Is Deron Williams the Brandon Jennings of the NBA? Speaking of which, I'm suprised Brandon Jennings isn't doing this.

Anyways. I think this is really interesting.

This is the same league AI is playing in, right?


----------



## Hibachi! (Sep 18, 2003)

Wow, I never thought a big name player would head overseas like that.


----------



## Diable (Apr 26, 2005)

The money seems pretty slender for the risk. I am seeing it as in the 'low seven figures' in other sources. Essentially this is pocket change for a Max player. Kobe is making 2 million per month over the entire year, and four million a month if you only mean what he gets paid during the season. We're talking about money that Brian Scalabrine lost in his couch really. Hell I would guess that this is the sort of money that Chris Paul makes makes from the Jordan Brand or stuff like that.


----------



## HB (May 1, 2004)

The Nets are the biggest losers in this, though Deron should also worry about getting injured. Good for Turkey, I guess Deron gets to play with Iverson no?



> The money seems pretty slender for the risk. I am seeing it as in the 'low seven figures' in other sources. Essentially this is pocket change for a Max player. Kobe is making 2 million per month over the entire year, and four million a month if you only mean what he gets paid during the season. We're talking about money that Brian Scalabrine lost in his couch really. Hell I would guess that this is the sort of money that Chris Paul makes makes from the Jordan Brand or stuff like that.

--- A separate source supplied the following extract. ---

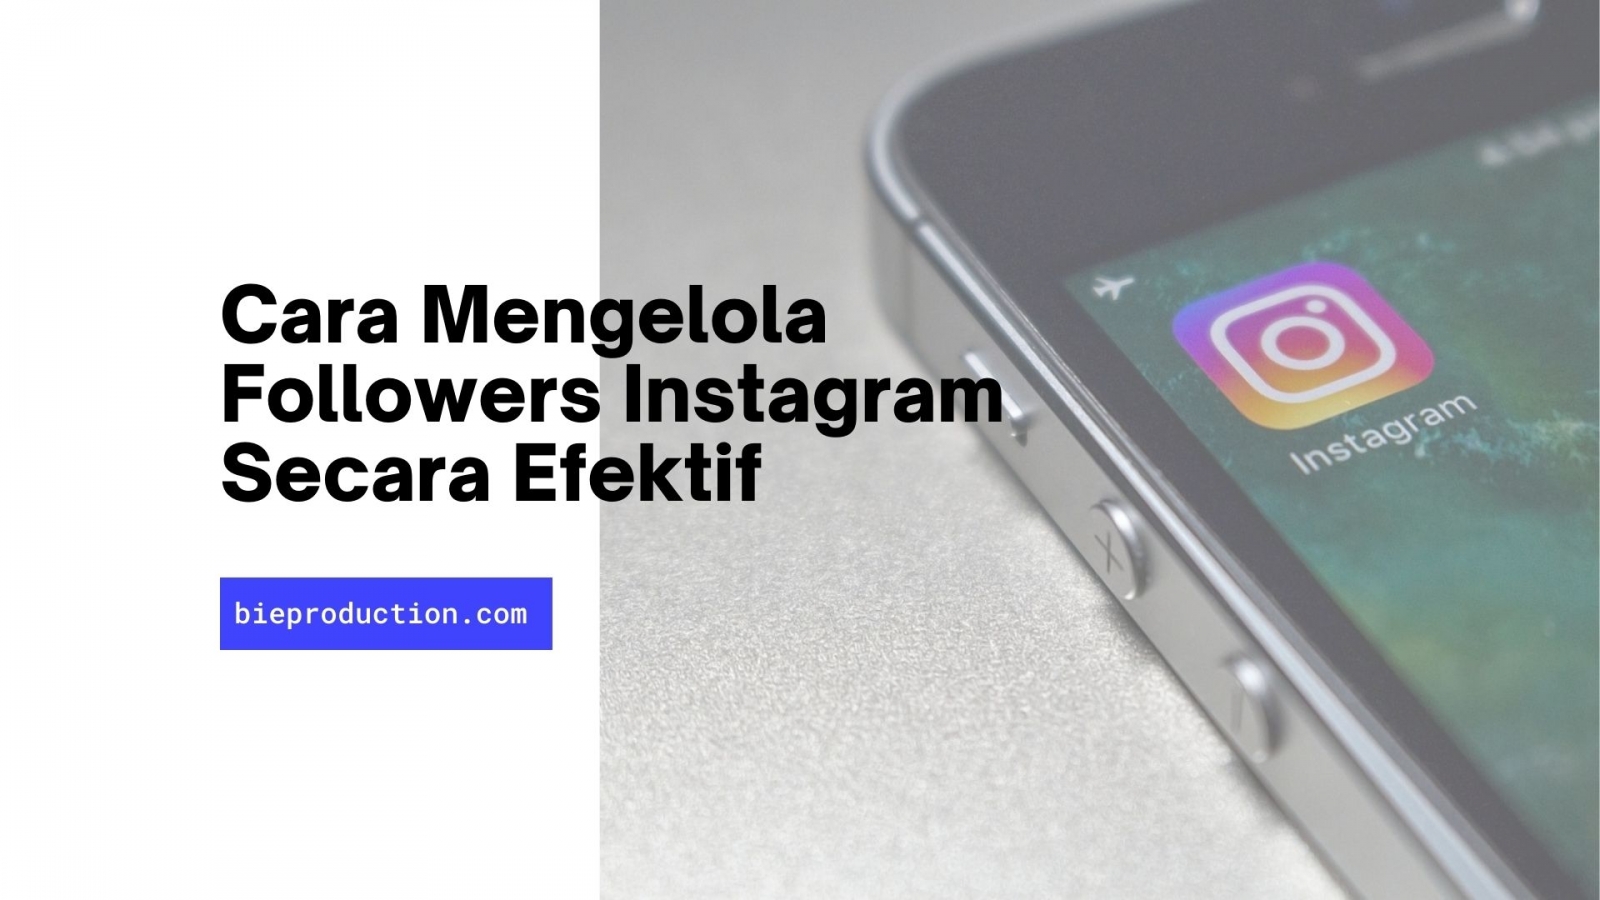 Cara Mengelola Followers Instagram Secara Efektif
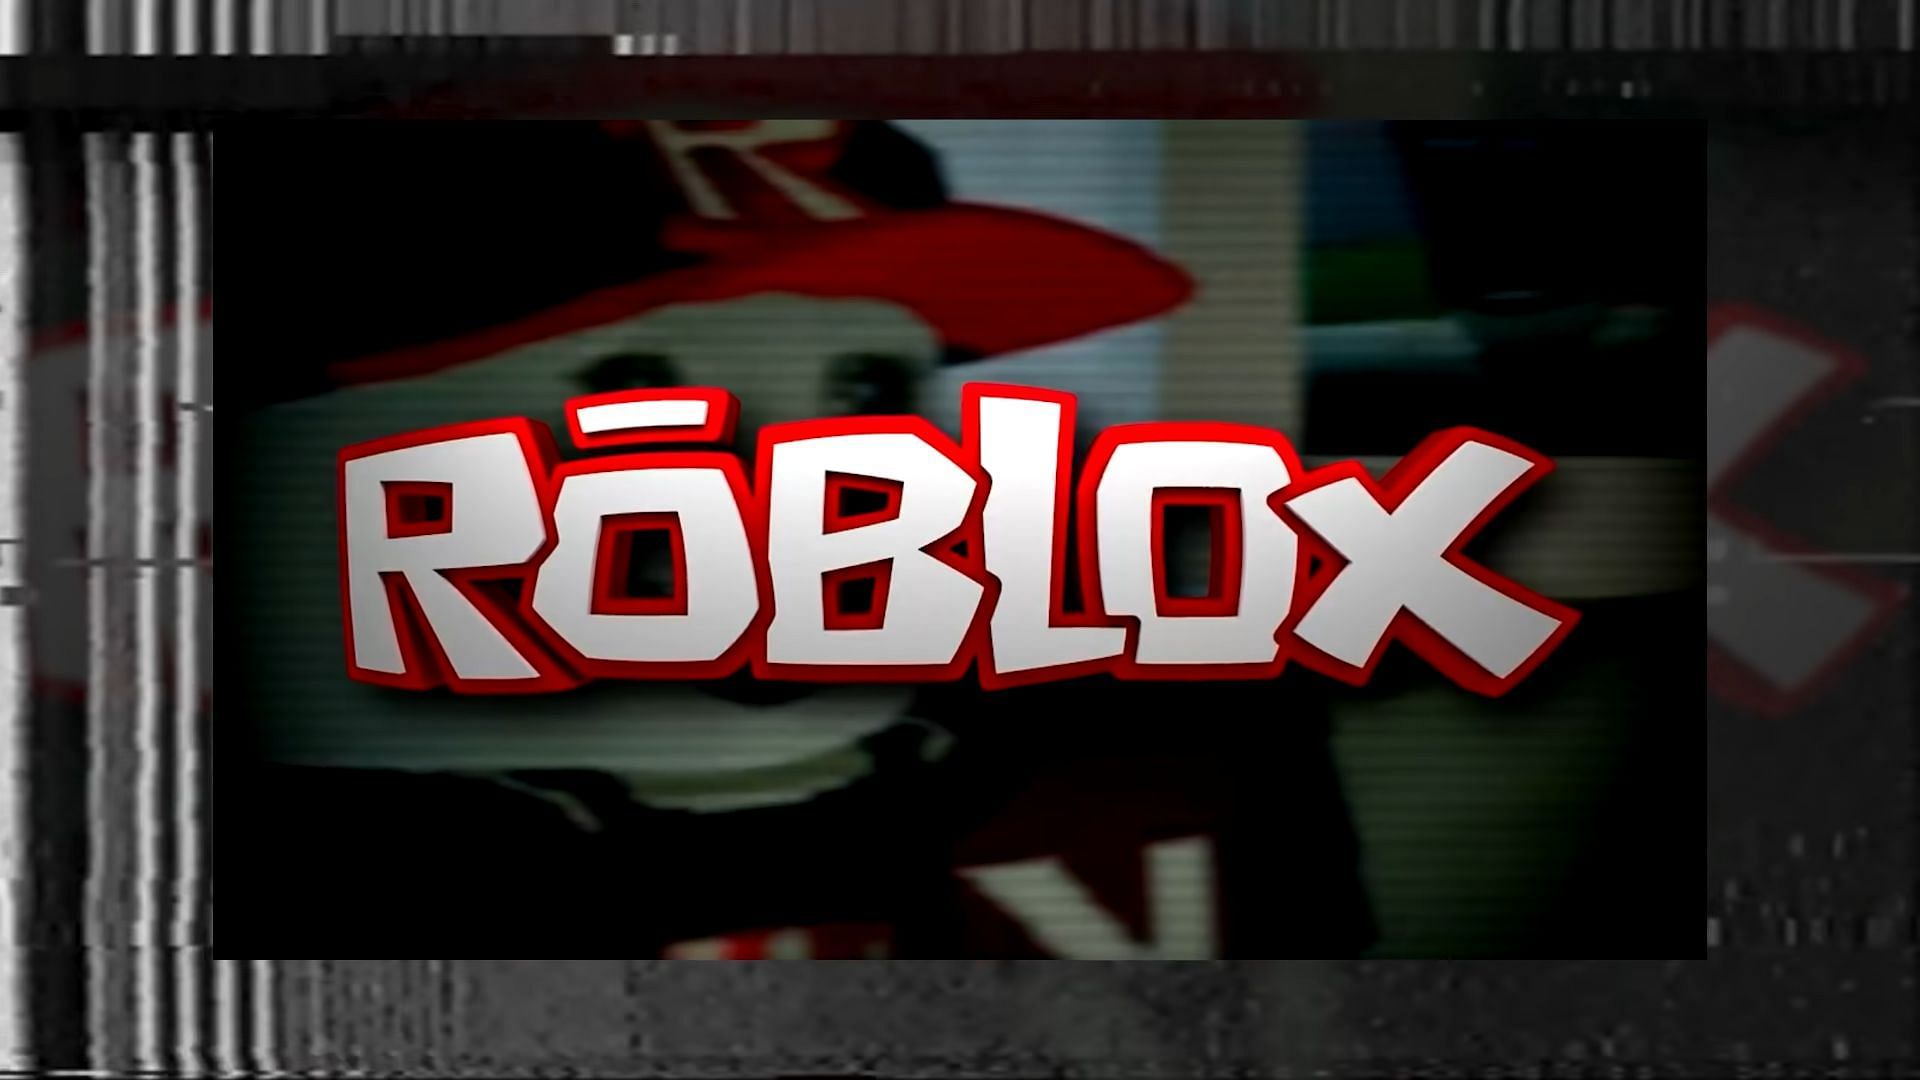 Camiseta ROBLOX logo

Well its not like the guy is hurting financially, think of the experience, getting to see another culture. His family probably wants it too, and he stays in shape.


----------



## M.V.W. (Apr 2, 2011)

Bogg said:


> No, but if the going rate for Deron Williams is 200K a month there's enough money to draw over enough players to make the owners nervous. *It's not going to end the lockout, but it's a little more incentive to get it over with.*


This. Especially if more big names do likewise.


----------



## HB (May 1, 2004)

> Besiktas of Turkey coach Ergin Ataman tells Y! Sports he wants to set up a meeting with Kobe Bryant and his agent next week in the States.


 - Woj


----------



## O2K (Nov 19, 2002)

It was be pretty funny if there were super teams forming in europe and how it would affect the free agency in the future.


----------



## Dornado (May 26, 2003)

E.H. Munro said:


> Not that I pay any attention, I'm American and the rest of you have to adjust to us. It's why we laugh at you pantywaist English for abandoning your own measurements. We kept them, so you guys could have too, because ultimately we're all that matters. :bsmile:


I'll have to bump this the next time you talk about your "favourite" something or other...


----------



## E.H. Munro (Jun 22, 2004)

Sorry, mate, born to a Scottish mother and taught to read from books written in the Queen's English. I've been spelling them as I read them from childhood. Drove my teachers bonkers.


----------



## rocketeer (Oct 7, 2002)

Diable said:


> The money seems pretty slender for the risk. I am seeing it as in the 'low seven figures' in other sources. Essentially this is pocket change for a Max player.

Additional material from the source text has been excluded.